How many zeros are there in 100!?
100! is 100 factorial, which is all the numbers up to 100 multiplied togther.
100! has 24 zeros.
Proof
The number of zeros at the end of a number tells us how many times 10 divides into the number. Each 10 that divides a number can be broken down into a 5 and a 2.
For factorial, factors of 2 are very common - every even number adds at least one 2. Thus for every 5, there will always be a 2 available. Therefore we only need to count how many times 5 goes into the factorial.
Every multiple of 5 introduces another 5 to the factorial’s factors. There are \(\left\lfloor \frac{n}{5} \right\rfloor\) 5s in the numbers up to \(n\).
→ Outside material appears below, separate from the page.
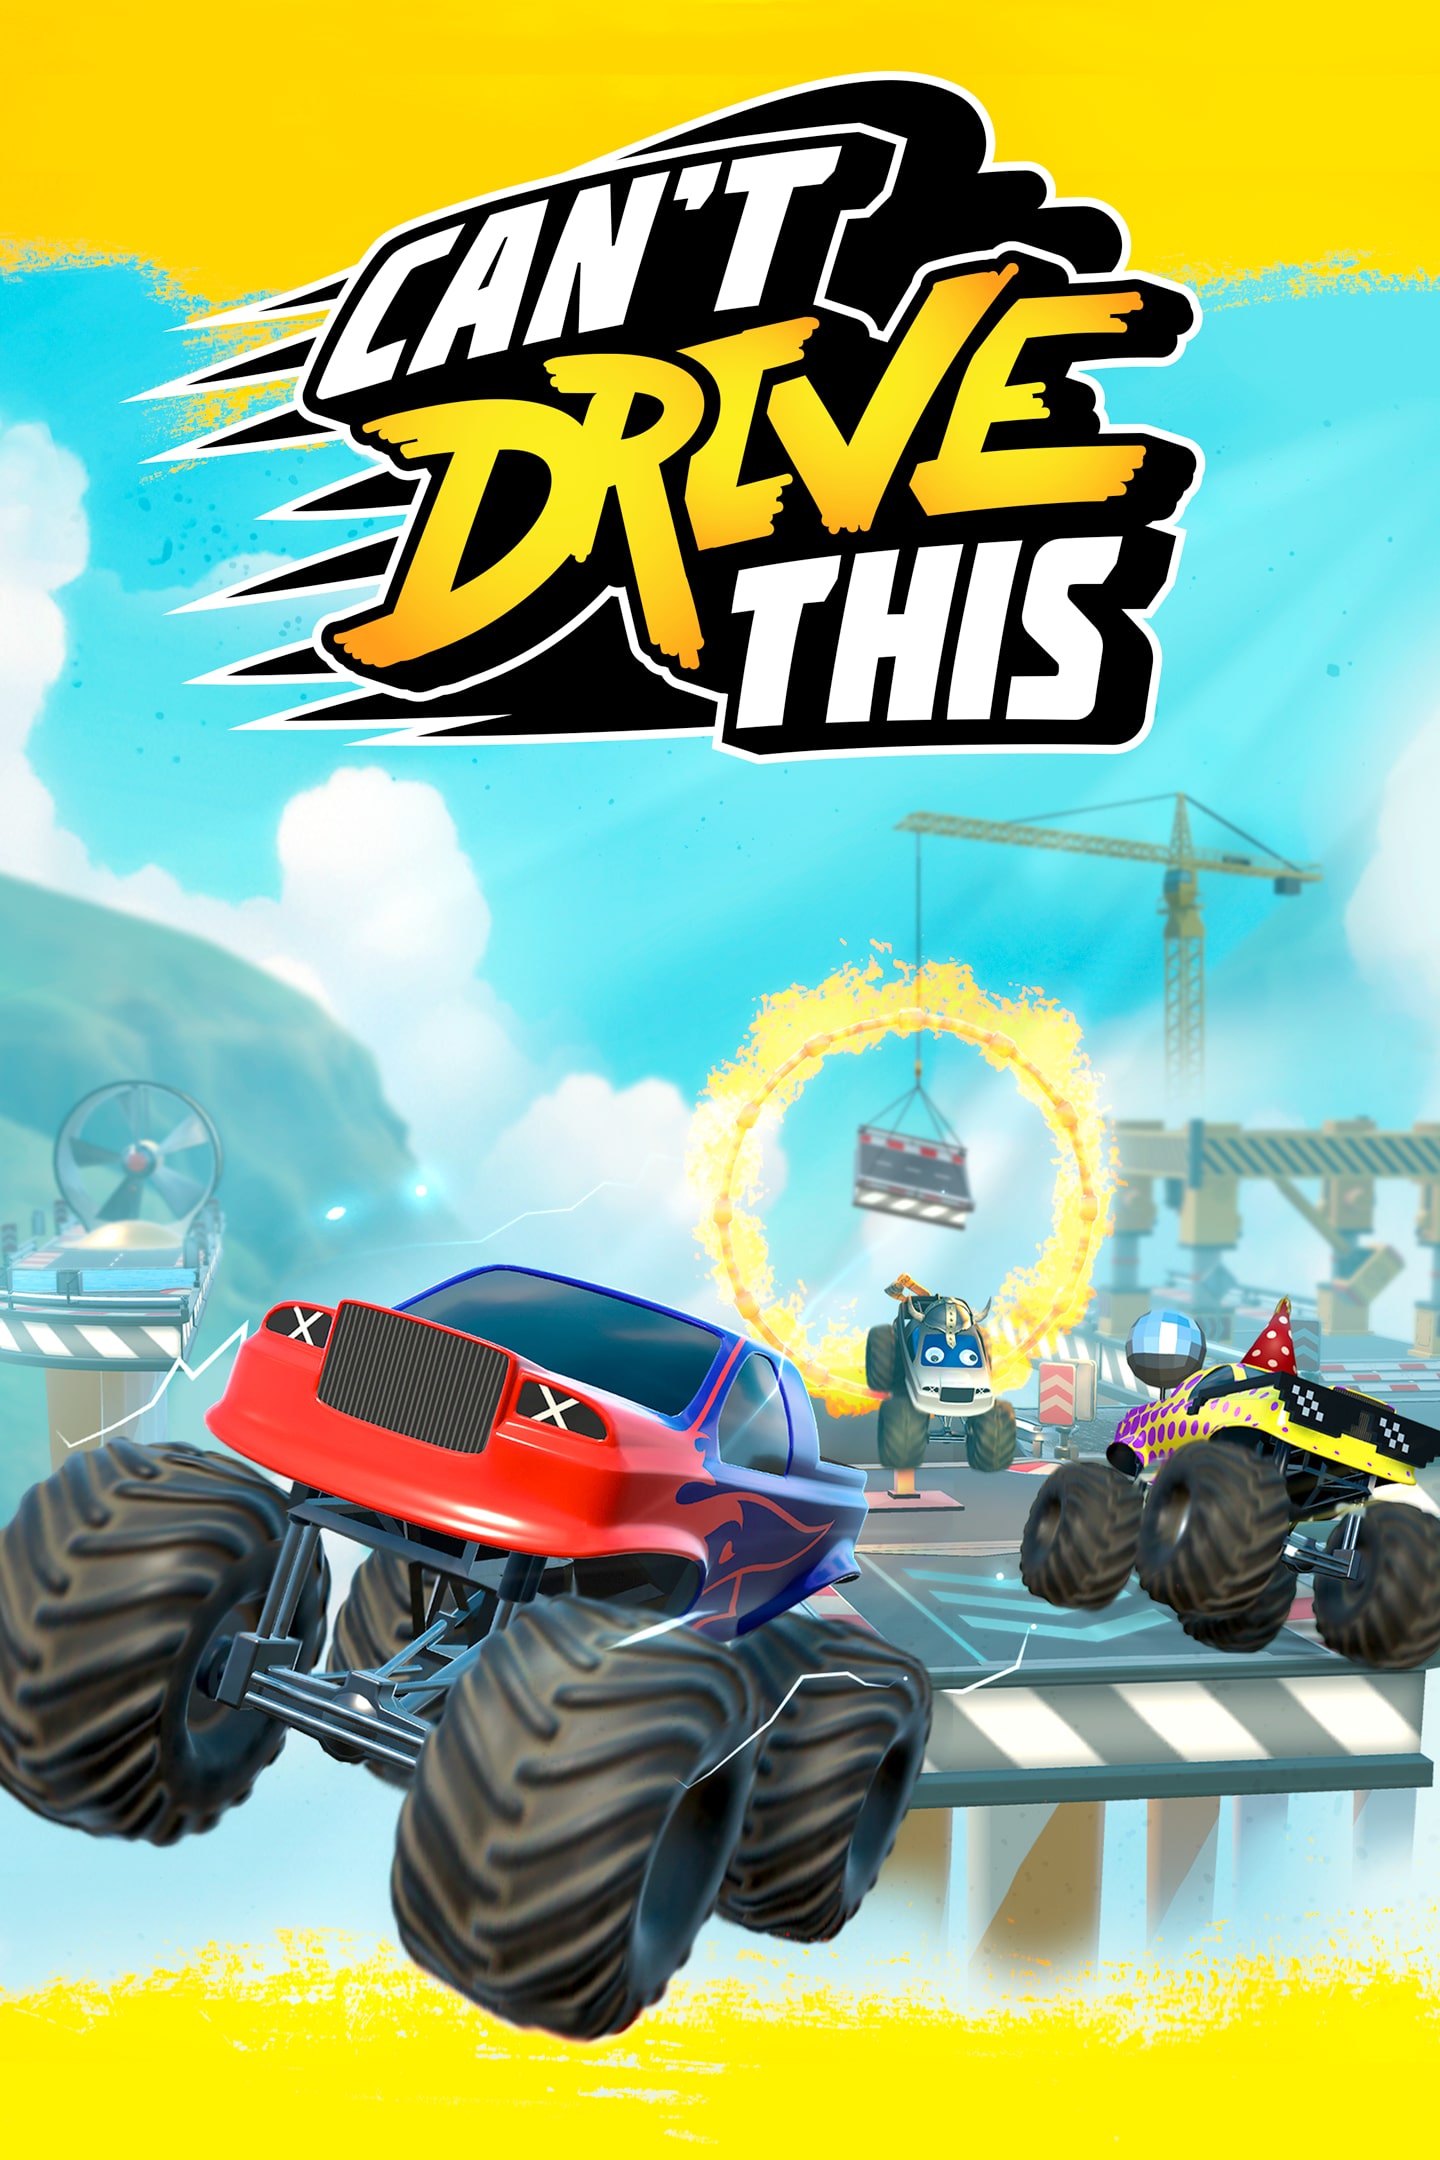 Can't Drive This (PS4)

However, we also need to count an extra 5 for every multiple of \(5^2\), and so on for all powers of 5. We can only stop when the powers of 5 exceed \(n\).
Thus to calculate the number of times 5 divides \(n!\), and thus the number of zeros at the end, we have:
\[\sum_{i=1} \left\lfloor \frac{n}{5^i} \right\rfloor\]For \(n=100\):
\[\left\lfloor \frac{100}{5} \right\rfloor + \left\lfloor \frac{100}{25} \right\rfloor = 20+4 = 24\]